The proposed project focuses on the development of analytical methods for identification and quantification of cancerostatic platinum compounds (CPC) and their metabolites in human excretions, in hospital effluents and in surface water. Nowadays the use of CPC has gained undisputed importance in the chemotherapy of several types of cancer. Consequently, CPC are continuously spread into the environment with excretion into wastewater being the major source. The active substances and their metabolites are expected to pass through municipal sewage treatment plants, reaching surface and ground waters. Biotransformation processes, mobility and fate of these compounds in the aquatic environment have not been studied so far, even though their toxicity (carcinogenic, mutagenic, fetotoxic) is well demonstrated.
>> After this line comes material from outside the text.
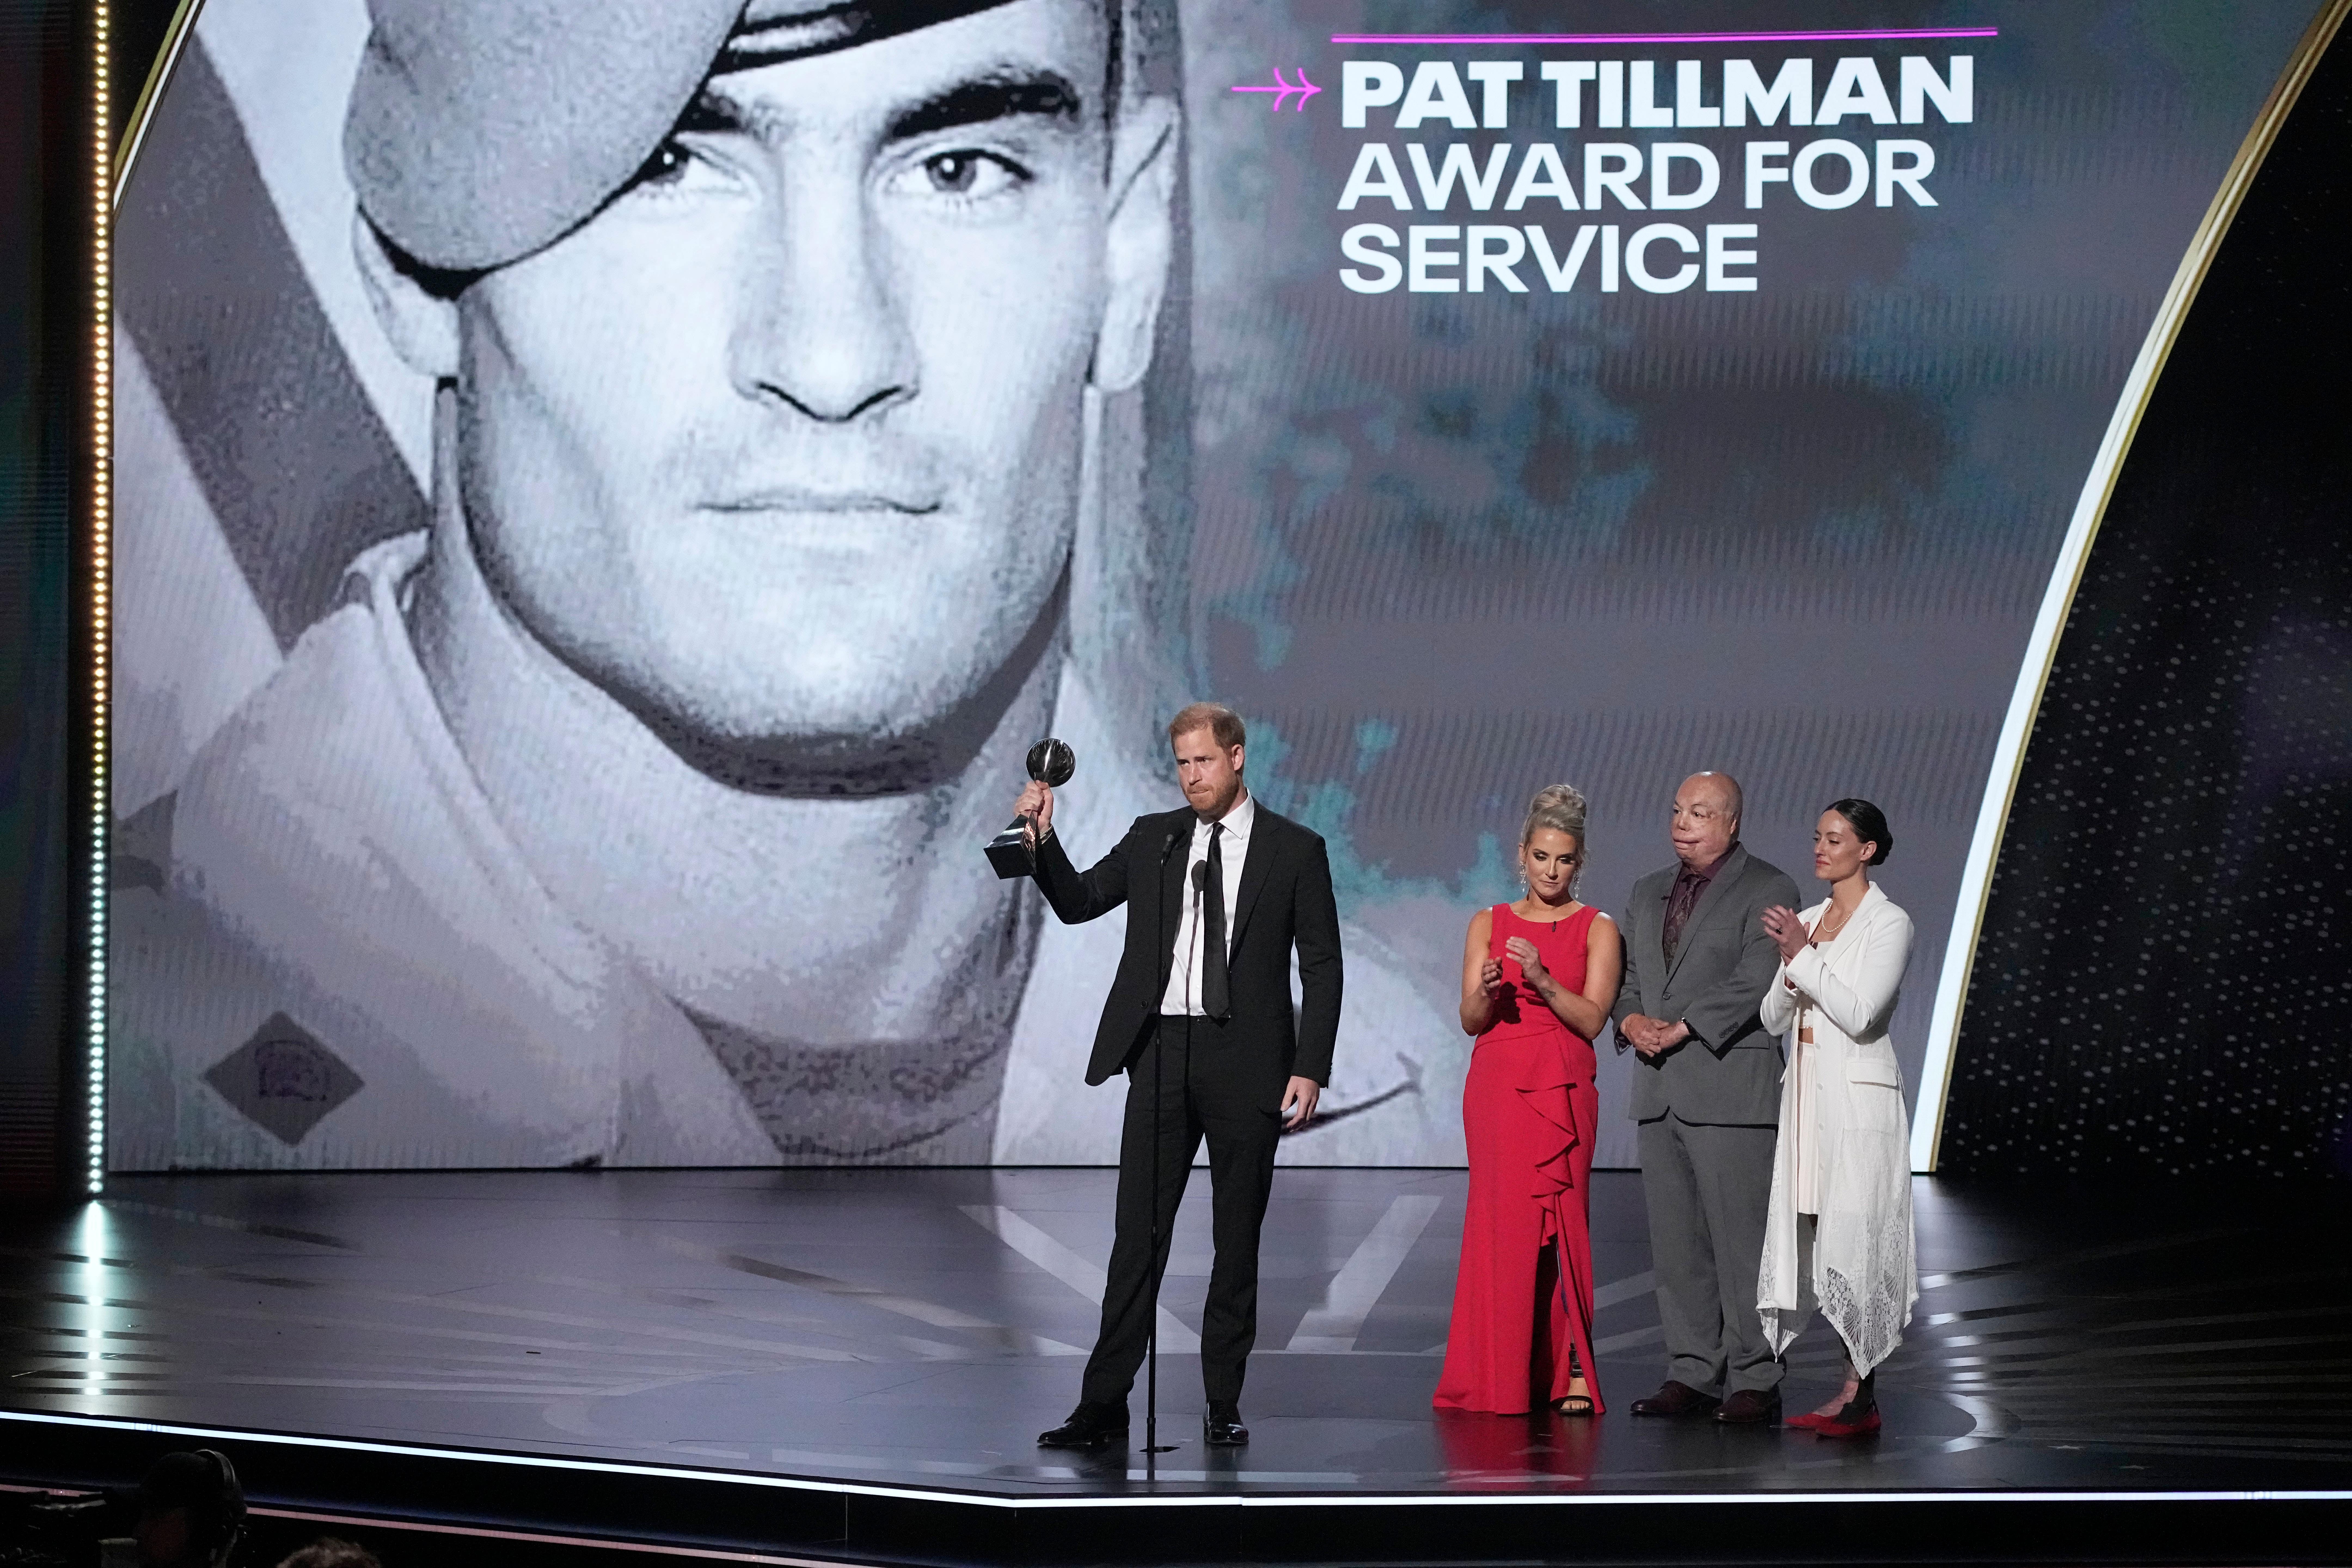 Prince Harry receives the Pat Tillman Award For Service at the Espy Awards.

The metabolism of these substances has to be investigated in different aquatic media, in order to support future studies, which aim at the assessment of health risks and environmental impact. New analytical approaches will be applied to samples representing different stages of the water cycle in order to study biotransformation, degradation and adsorption processes. Highly sensitive and specific miniaturized high performance liquid chromatography - inductively coupled sector field mass spectrometry (HPLC-ICP-SFMS) will be applied for solving this challenging analytical problem. As complementary detection method electrospray mass spectrometry will be employed. The new findings will give first indications for the state of CPC in the aquatic environment. Furthermore the obtained results will be the base for the development of new strategies for elimination of the substances from hospital effluents.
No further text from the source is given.